The trend is inexorable, however. Although some businesses have been hesitant to pivot more fully to these new payment modalities and may cling to traditional methods such as cash, as time goes on, “it’s going to be hard to do business in Mexico or Brazil” without connecting to these rails, Moussalli said.
“They’re going to miss out on opportunities if they don’t adopt new digital payment options,” he said.
That’s especially true in commercial payments, where suppliers will increasingly demand to be paid in real time.
Asked by PYMNTS about how traditional financial institutions can help enterprise clients embrace change, Moussalli said Bank of America launched support for QR codes, which clients can access through the CashPro banking platform. Clients scan codes from paper or electronic invoices, and within seconds the platform retrieves the invoice details from the beneficiary bank and displays those details for review and confirmation of payment.
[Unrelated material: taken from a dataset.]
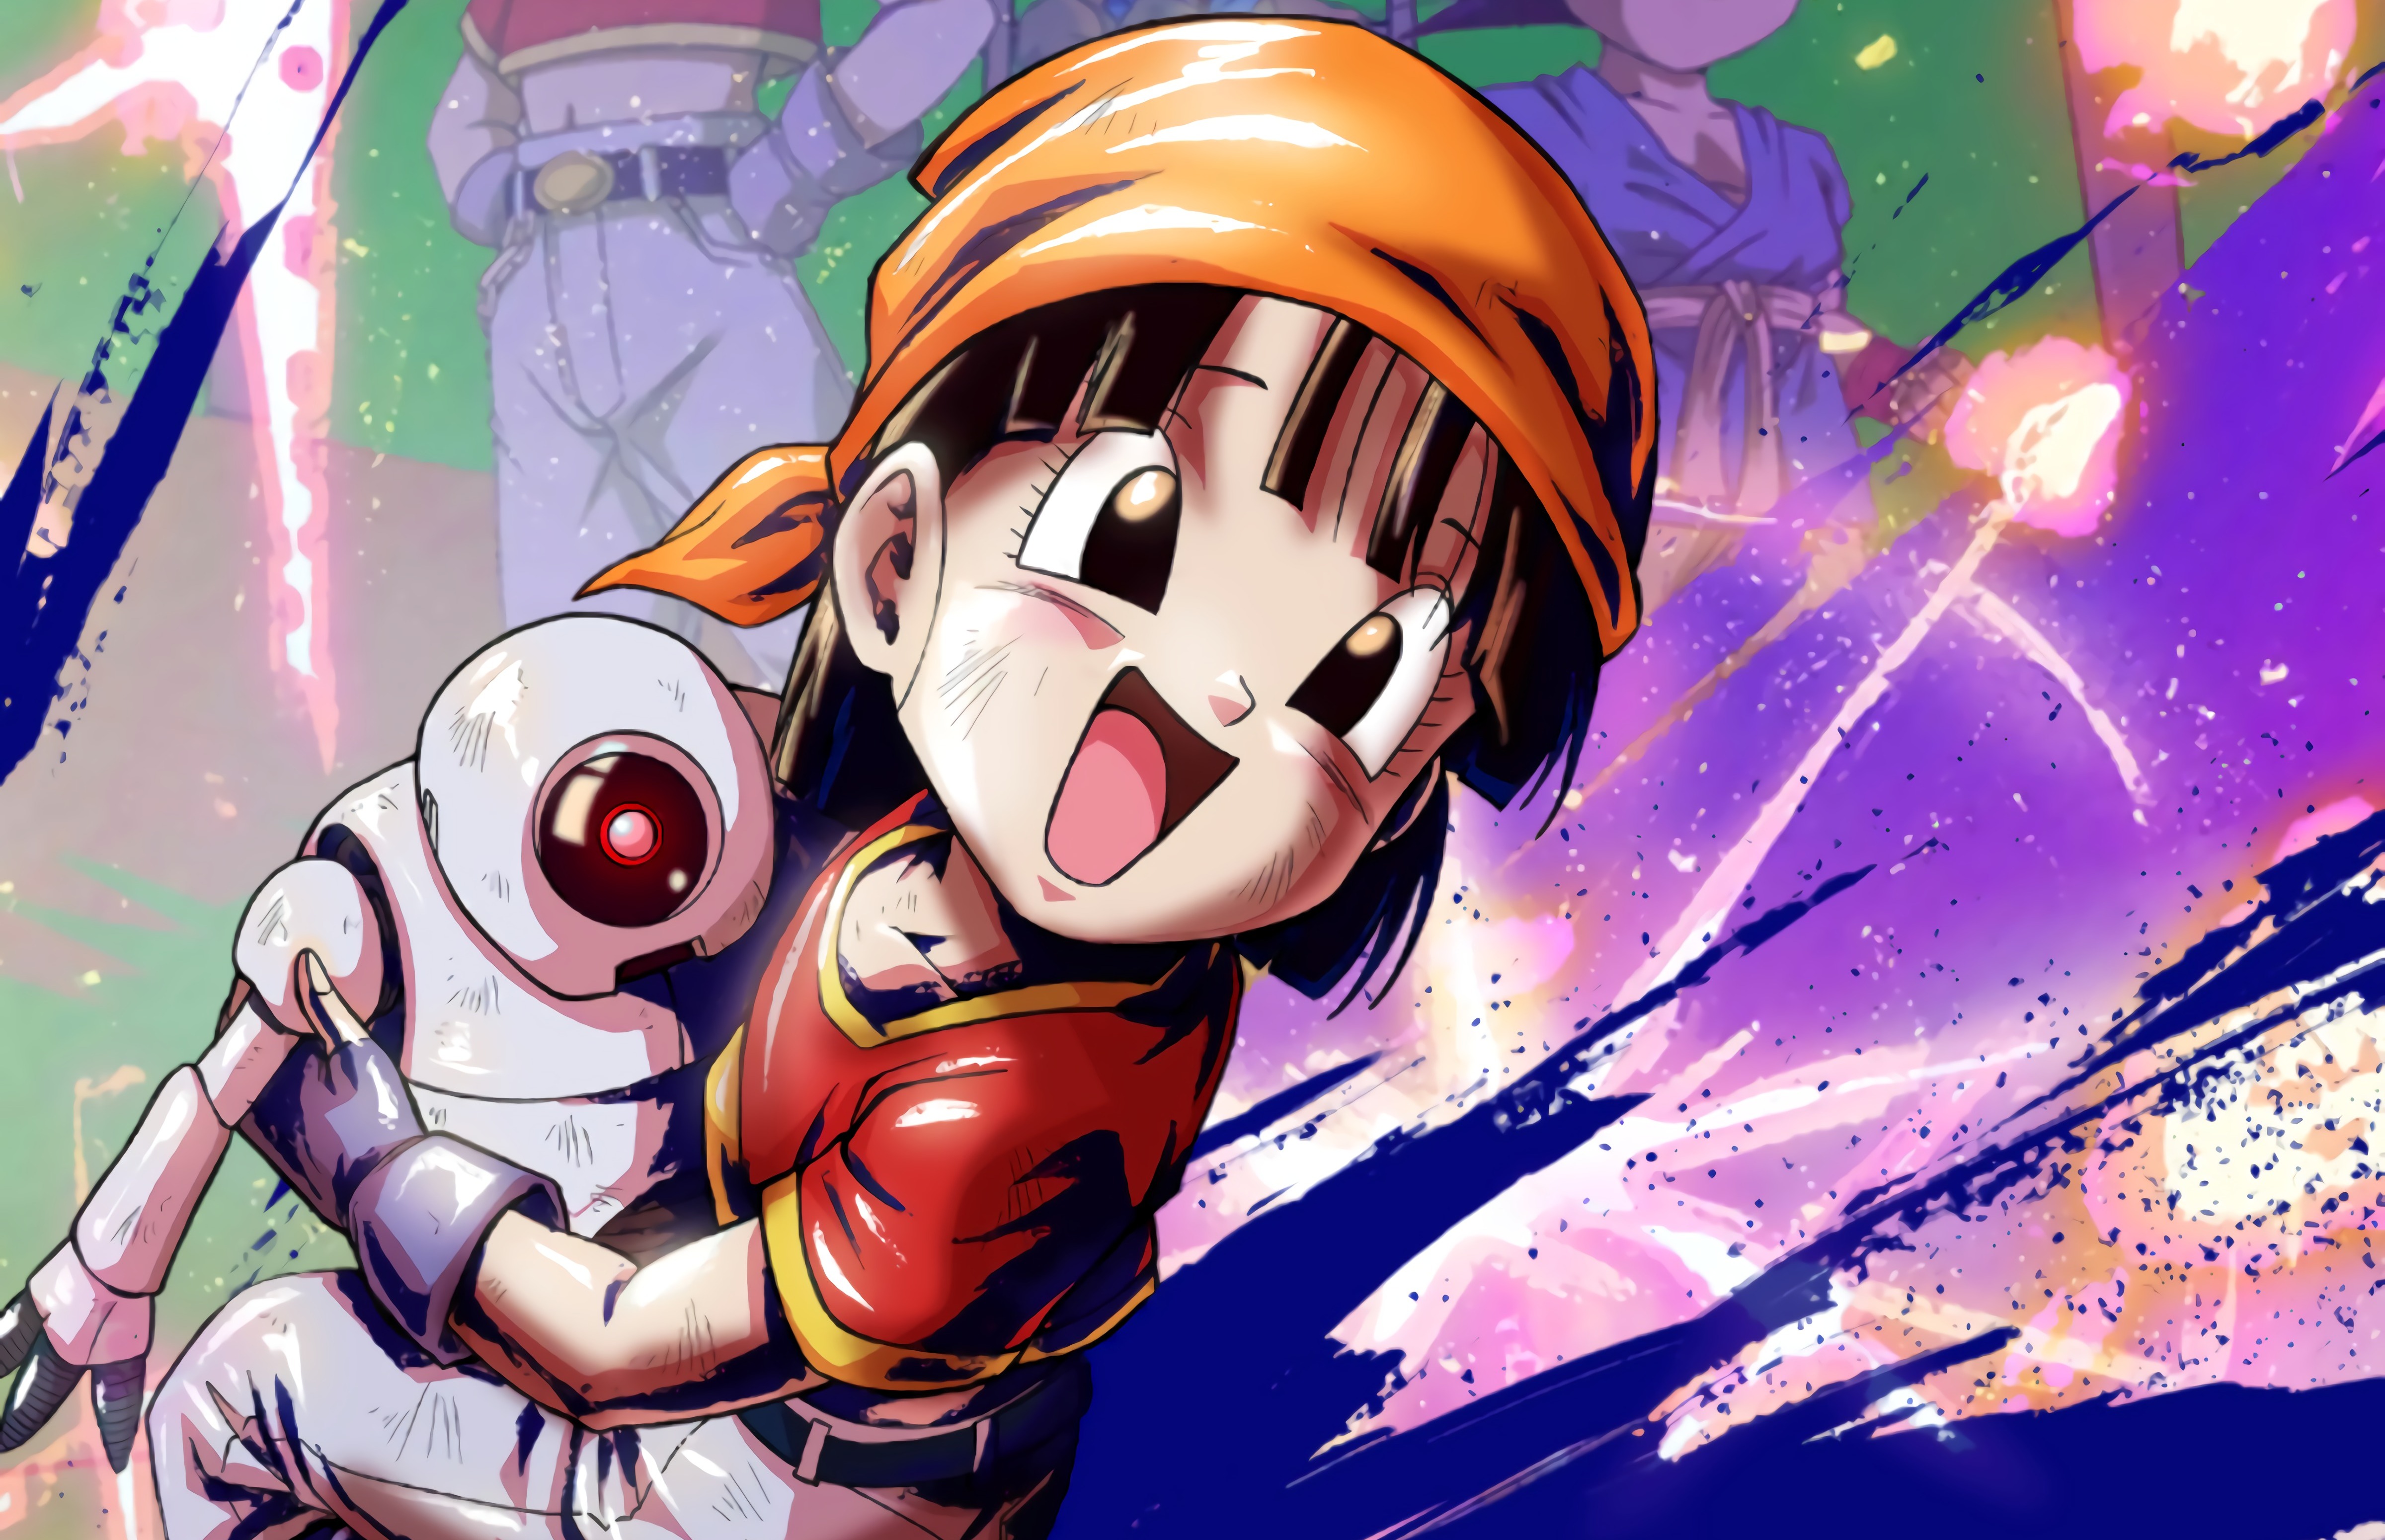 Anime Dragon Ball GT 4k Ultra HD Wallpaper

“This dramatically speeds up the payments process” beyond the confines of paying suppliers and into the realm, for example, of mandatory transactions that companies make for employees’ retirement benefits, Moussalli said. That “helps eliminate bureaucracy in processing payments.”
The feature has been so well-received in Brazil that it is being explored for use in Europe, he said.
Although regulators initially drove innovation in financial services in Brazil and Mexico, the central banks are well connected to their respective markets and are working with banks and merchants to foster the shift to digital transactions, Moussalli said. Cash withdrawals from banks have plummeted in the double digits. There’s particular promise in pivoting to digital payments in Mexico where cash is still tied to 85% of all retail transactions, especially for transactions below the U.S. dollar equivalent of $50.
“The impact of these changes is ongoing,” said Moussalli, adding, “there’s no going back.”